DHL Express has signed an agreement with Malaysia Aviation Group (MAG) to supply sustainable aviation fuel (SAF) for its airline operations, as part of efforts to reduce carbon emissions, Business Today reported.
The initiative is expected to cut around 300 tonnes of lifecycle carbon emissions in 2026 compared to the previous year.
DHL Express said SAF is currently one of the more developed options for lowering emissions from long-distance air transport. The fuel is produced from sustainable sources such as used cooking oil and other residues and can reduce greenhouse gas emissions by up to 80% compared to conventional jet fuel.
The agreement falls under DHL’s GoGreen Plus programme, launched in 2023, which allows customers to reduce indirect emissions linked to transportation and logistics. The service operates on a “book and claim” system, where emission reductions from SAF use are credited to customers, even if their shipments are not directly transported using the fuel.
DHL has secured SAF supply through agreements with partners including BP, Neste, Cosmo Energy and Cathay Group.

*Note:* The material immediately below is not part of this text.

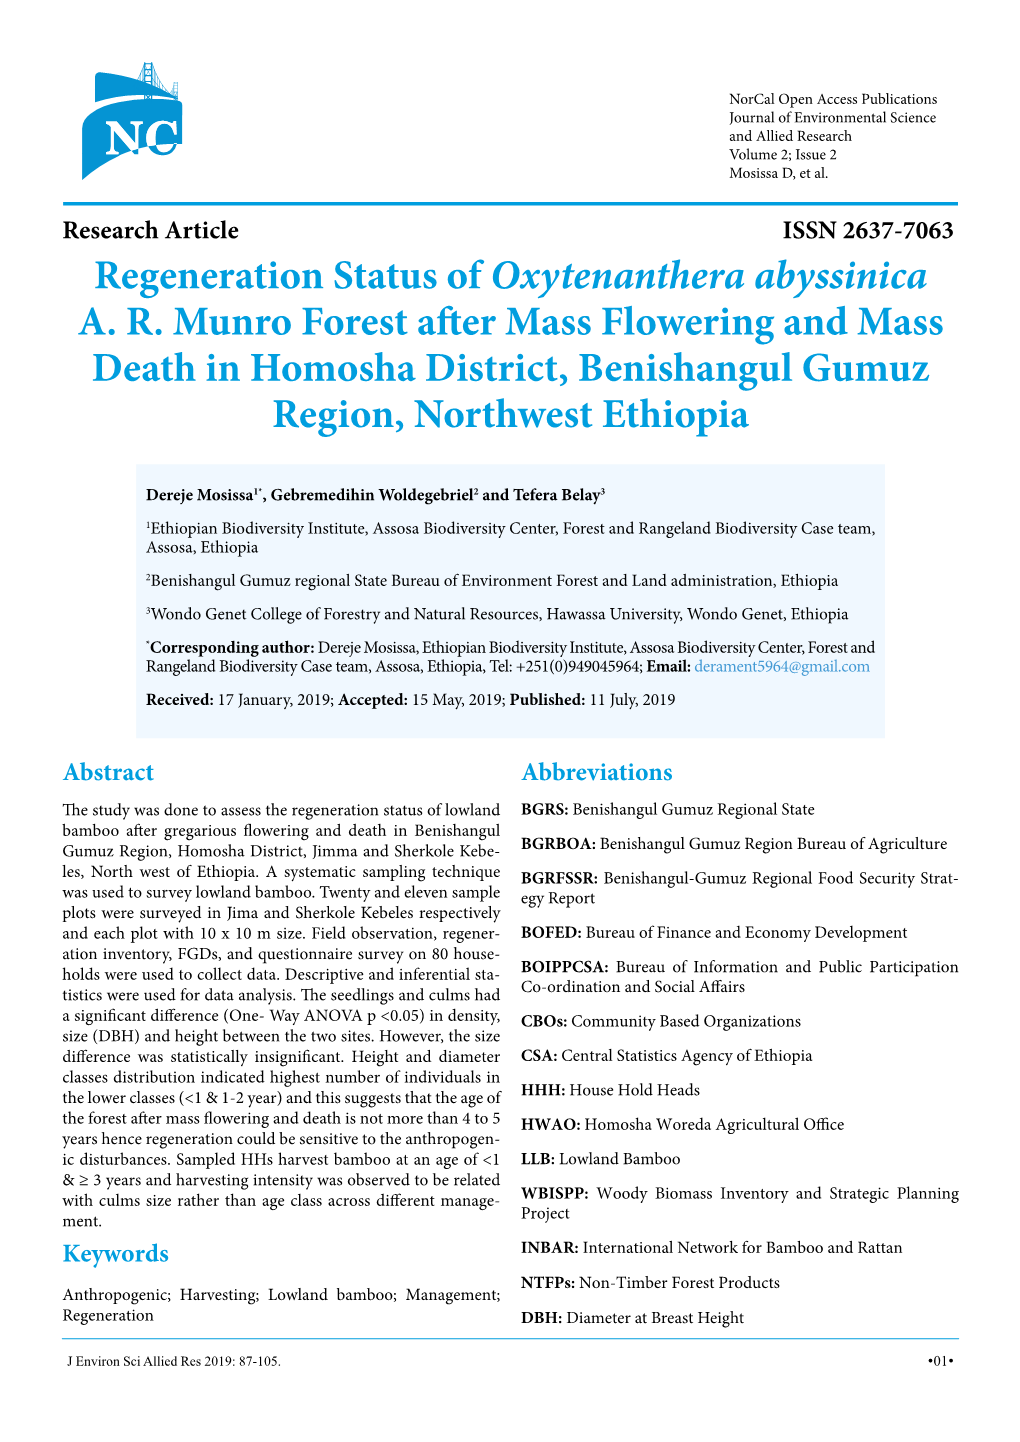 Research Article Regeneration Status of Oxytenanthera

Under the new agreement, MAG will use SAF for inbound and outbound air freight handled by DHL Express across key trade routes covering the United States, Europe and Asia Pacific.
To support wider adoption, MAG had earlier conducted a two-week SAF trial on the Kuala Lumpur–London route in 2025 to assess supply readiness at Kuala Lumpur International Airport.
The group is also working with industry partners and local suppliers to explore the possibility of producing SAF domestically, aiming to expand its use across passenger, corporate and cargo operations.